How the automated processes make decisions

Affordability: the processes will consider your income, spending and credit history to decide how easily you will be able to manage repaying credit. We may compare you with other people in a set (for example, people who are in a certain age bracket may be more likely to be able to manage credit).
Regulatory assessment: certain details in your information may suggest that you are likely to become financially vulnerable and we may need to help you.
Financial crime checks: the processes will compare your details with the details of countries, organisations and people who sanctions apply to, to decide whether we are prevented from doing business with you under sanctions law. This means that we may automatically decide that you present a fraud or money-laundering risk, or risk of breaking financial sanctions, if the processing reveals your behaviour to be consistent with money laundering or known fraudulent behaviour, is inconsistent with information you have previously provided, or you appear to have deliberately hidden your true identity.
You have rights relating to automated decision-making. If you want to know more, please contact us using the details set out in the ‘Contact us’ section.
If we, or a fraud prevention agency, decide that you present a fraud or money-laundering risk:

  • we may refuse to provide the services you have applied for or refuse to employ you, or we may stop providing existing services to you; and
  • the fraud prevention agencies will keep a record of any fraud or money-laundering risk, and this may result in others refusing to provide services or employment to you.

If you have any questions about this, please contact us using the details set out in the ‘Contact us’ section.

Sharing your information with others

We’ll keep your information confidential but we may share it in certain circumstances, for the purposes set out in this policy, with:

  • other Fly Now Pay Later companies;
  • other companies who provide a service to you, for example if you use our products to make a purchase or payment;
  • any company we are providing services with or whose name or logo appears on our products;
  • our service providers and agents, including their subcontractors;
  • anyone we transfer or may transfer our rights, duties, debts or assets to;
  • credit reference agencies; and
  • fraud prevention agencies.

The people and organisations listed above will also have to keep it secure and confidential.
We may share limited information (for example, your mobile phone number or email address), in an encrypted format, with social-media companies. The social-media companies can match this to personal information they already hold about you, so that they can display messages to you about our products and services.
We may be required to share your information as follows:

  • With UK and overseas regulators and authorities in connection with their duties (such as preventing crime).
  • With any other person or organisation after a restructure, sale or takeover of any Fly Now Pay Later company or debt, as long as that person uses your information for the same purposes as it was originally given to us or used by us (or both).
  • If we have a duty to reveal it, if it is needed to manage your accounts, or if a law or regulation allows us to do so for legitimate business purposes or with your permission.
  • If we have reason to think that you have to report your income or pay tax in another country, in which case, we may have to share information about your accounts with the UK or relevant tax authorities.

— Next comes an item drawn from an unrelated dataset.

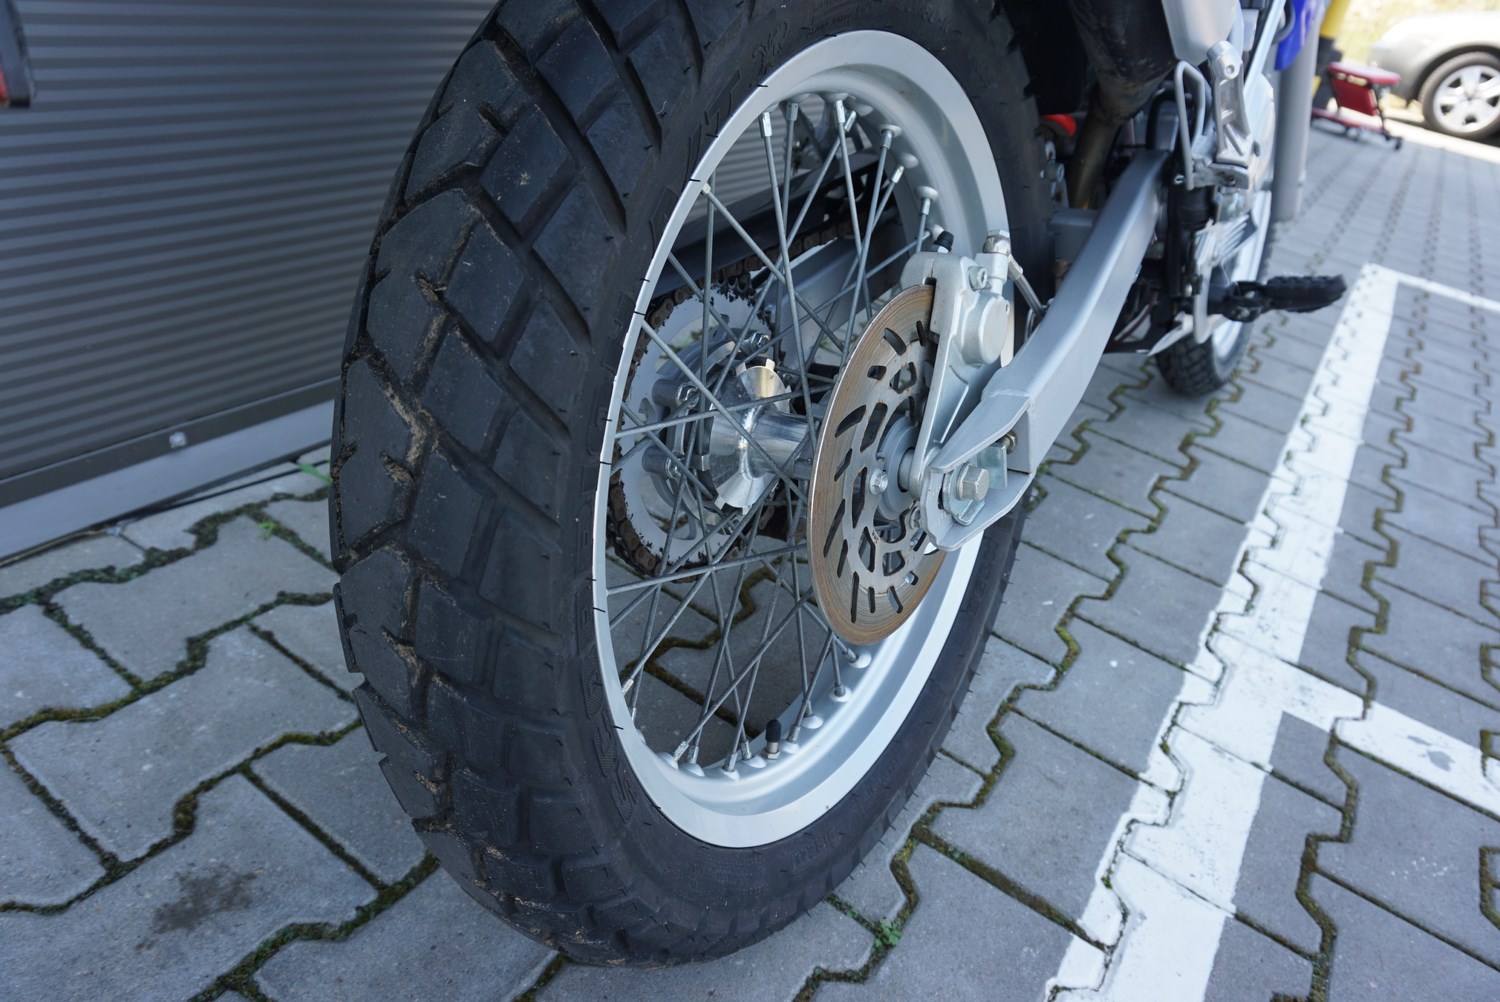 Yamaha XT 125 R

Sharing your information with credit reference and fraud prevention agencies

When processing your application, we will carry out credit and identity checks on you with one or more credit reference agencies. To do this, we will give the credit reference agencies your personal information and they will give us information about you. This may make it difficult for you to get credit in the future. We will also continue to exchange information about you with credit reference agencies while you have a relationship with us, for example, if we have asked you to pay an amount you owe us and we do not receive a satisfactory reply from you within our stated time limit, or if you give us false or inaccurate information. The credit reference agencies may share your personal information with other organisations. The credit reference agencies, and the ways in which they use and share personal information, are explained in more detail at www.experian.co.uk/crain/. Examples of circumstances when we may share your information or information relating to your partner or other members of your household include when we are:

  • checking details on applications for products and services, and credit and credit-related, or other, facilities;
  • checking your details and credit history and confirming your identity, understanding your financial position by sharing and receiving information, for example, about any borrowing (including any borrowing outside FNPL) and how you manage it (including the amount you borrow and your payment history, any outstanding debts, payment arrangements, and whether you’ve borrowed money and not repaid it in full and on time);
  • managing credit and credit-related accounts or facilities;
  • recovering debt;
  • checking details on proposals and claims for all types of insurance; and
  • making enquiries when you ask for any lending products and to help us manage your account.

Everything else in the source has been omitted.